(Getty Images)
Arrivare negli Stati Uniti da campioni in carica in Copa America e da campioni in carica al Mondiale, significa inevitabilmente raccogliere la filigranata etichetta di grandi favoriti del torneo. Il ciclo Scaloni con l’Argentina è stato finora una garanzia che non ha lasciato troppo respiro alle ambizioni di altre, in Copa America quanto a livello intercontinentale. L’ha detto anche Messi, in relazione alla sua volontà di farne parte finché fiato e gambe reggeranno: dopo anni di sofferenza, c’è la consapevolezza di vivere un momento storico e forse unico nel nuovo millennio. Per traguardi e successi, è indubbiamente così.
La partenza dell’Argentina in questa Copa America ha raccontato che la fame è ancora tanta, da crampi allo stomaco. Vero, siamo solo all’inizio, per di più in una competizione – come pressoché qualunque a gironi ed eliminazione diretta – che non regala mai grandi certezze. Ricominciare così, però, in maniera convincente, quasi travolgente in alcuni segmenti, significa che l’Albiceleste c’è.
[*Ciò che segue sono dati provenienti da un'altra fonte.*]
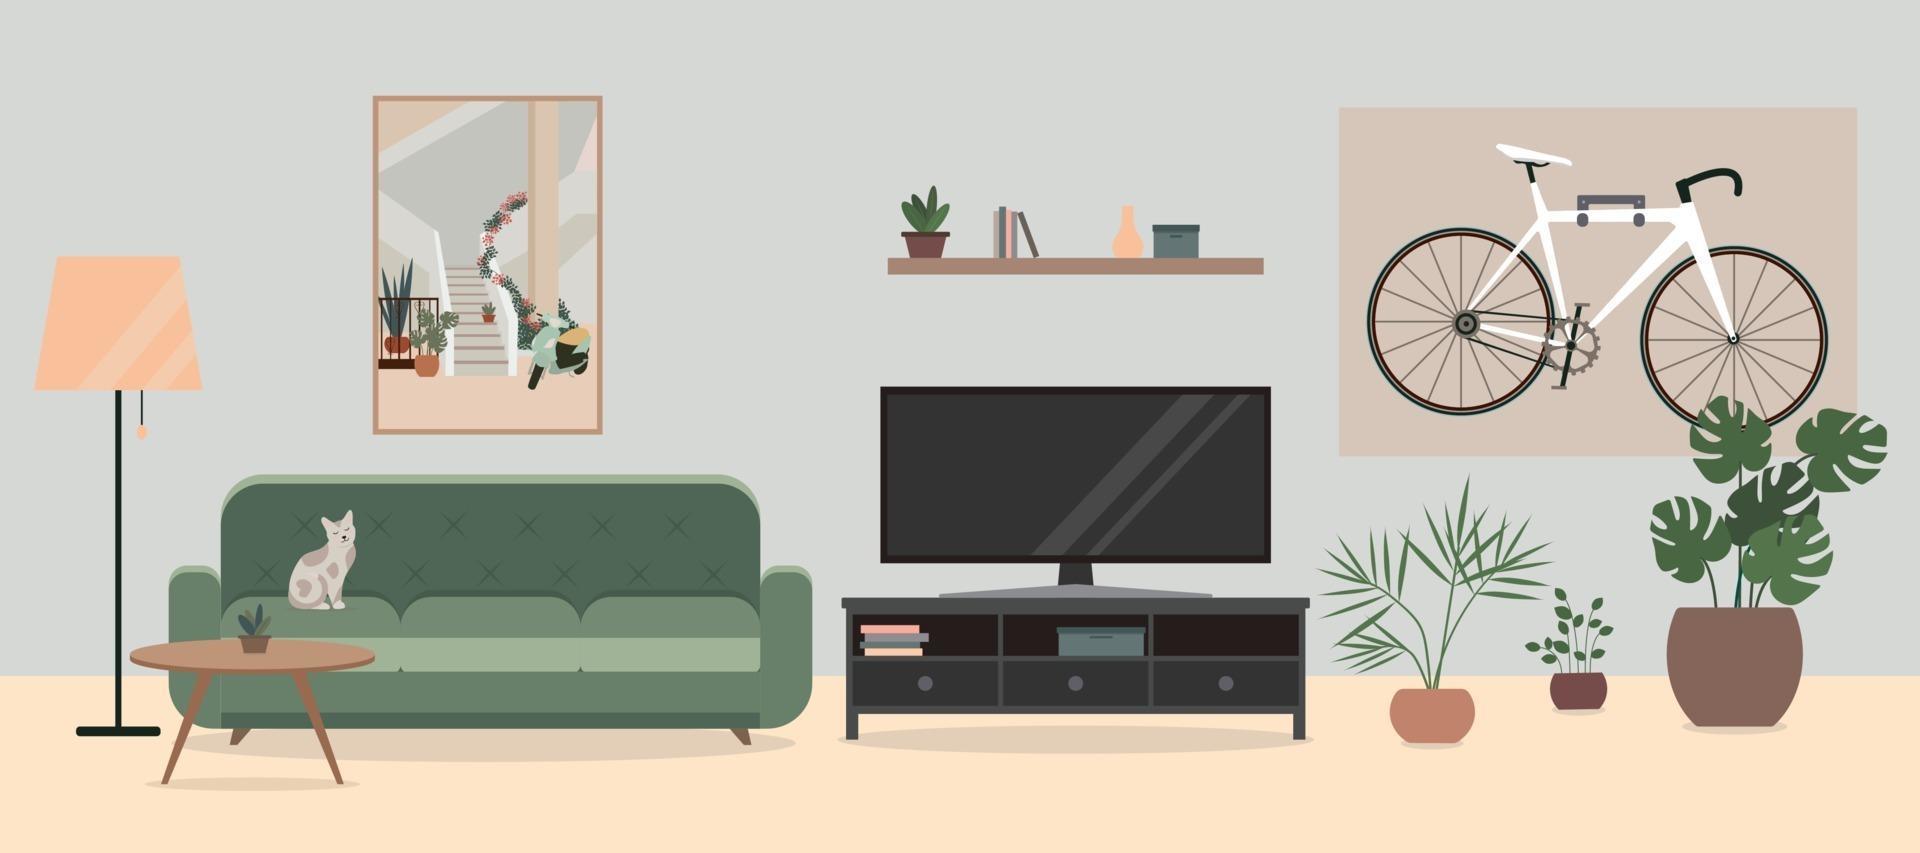 acogedor salón interior con tv, sofá, flores en macetas y una bicicleta. bicicleta colgada en la pared de la sala de estar. vector
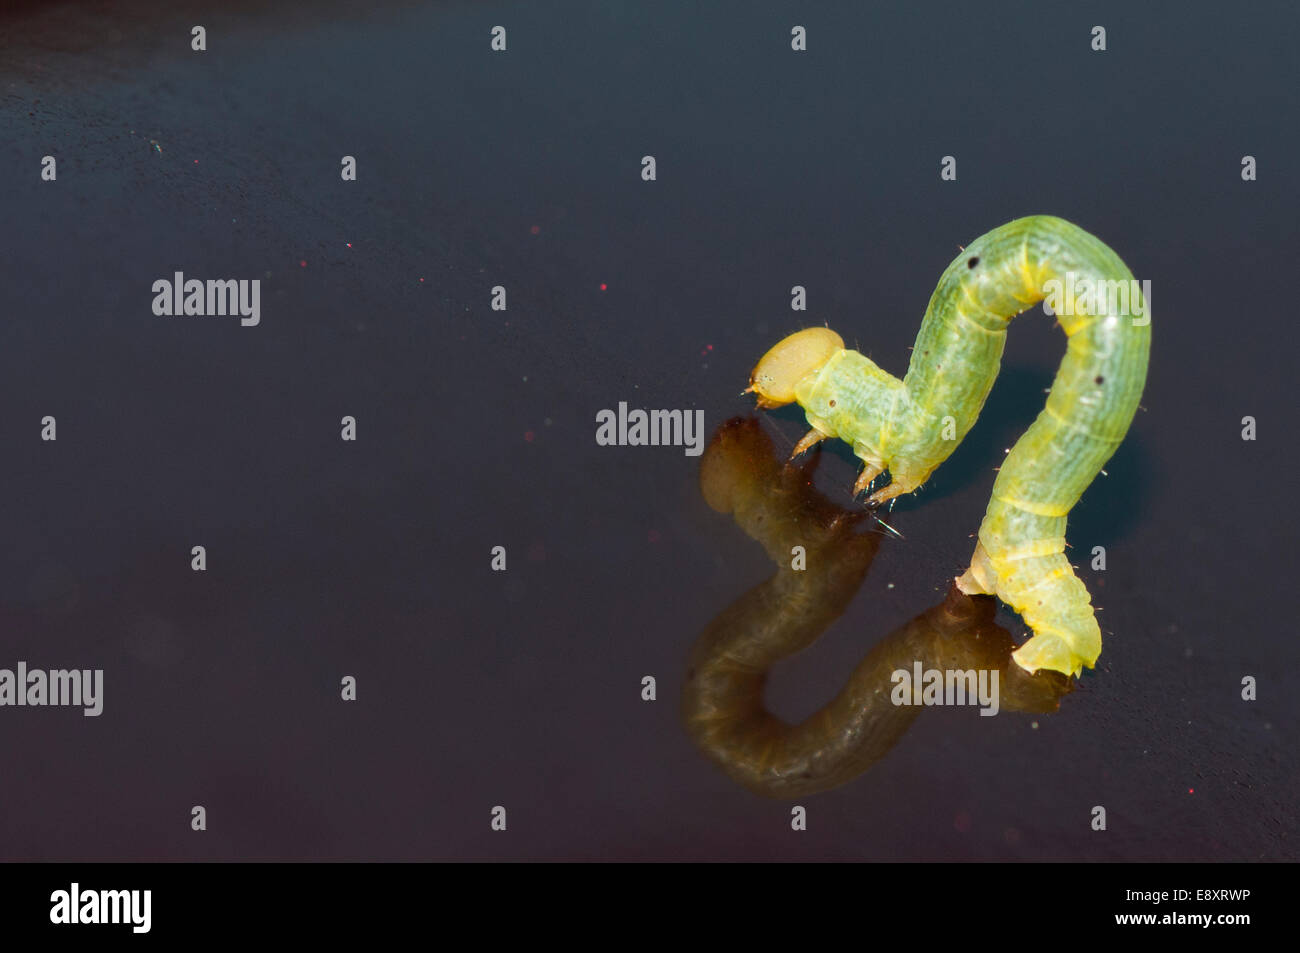 Crochet Inchworm ripiegato su una superficie scura Foto Stock

Più delle etichette, più dei riti profumati di incenso, più della compattezza del gruppo, più della luminosità delle stelle, ciò che rende l’Argentina la più temibile è forse la profondità di una rosa da cui esonda talento. Il lusso di potersi concedere di sostituire Di Maria con Lo Celso, ad esempio, e ottenere addirittura un upgrade nella fluidità della rifinitura, è un elemento di cui pochi possono farsi vanto. Se l’ex Rosario Central sta bene, è un gioiello. O ancora, l’alternanza in attacco che con il Canada ha funzionato chirurgicamente. Con Julian Alvarez titolare e Lautaro Martinez primo sostituto: avercelo, un ballottaggio così.
In New Jersey adesso arriva il Cile di Gareca – che ieri notte ha pareggiato contro il Perù 0-0 -, per un secondo test che profuma come sempre di vendetta per l’Albiceleste. Vincere significa guardare agli ottavi, riposare con il Perù e iniziare davvero a lastricare, ancora una volta, il cammino verso la gloria.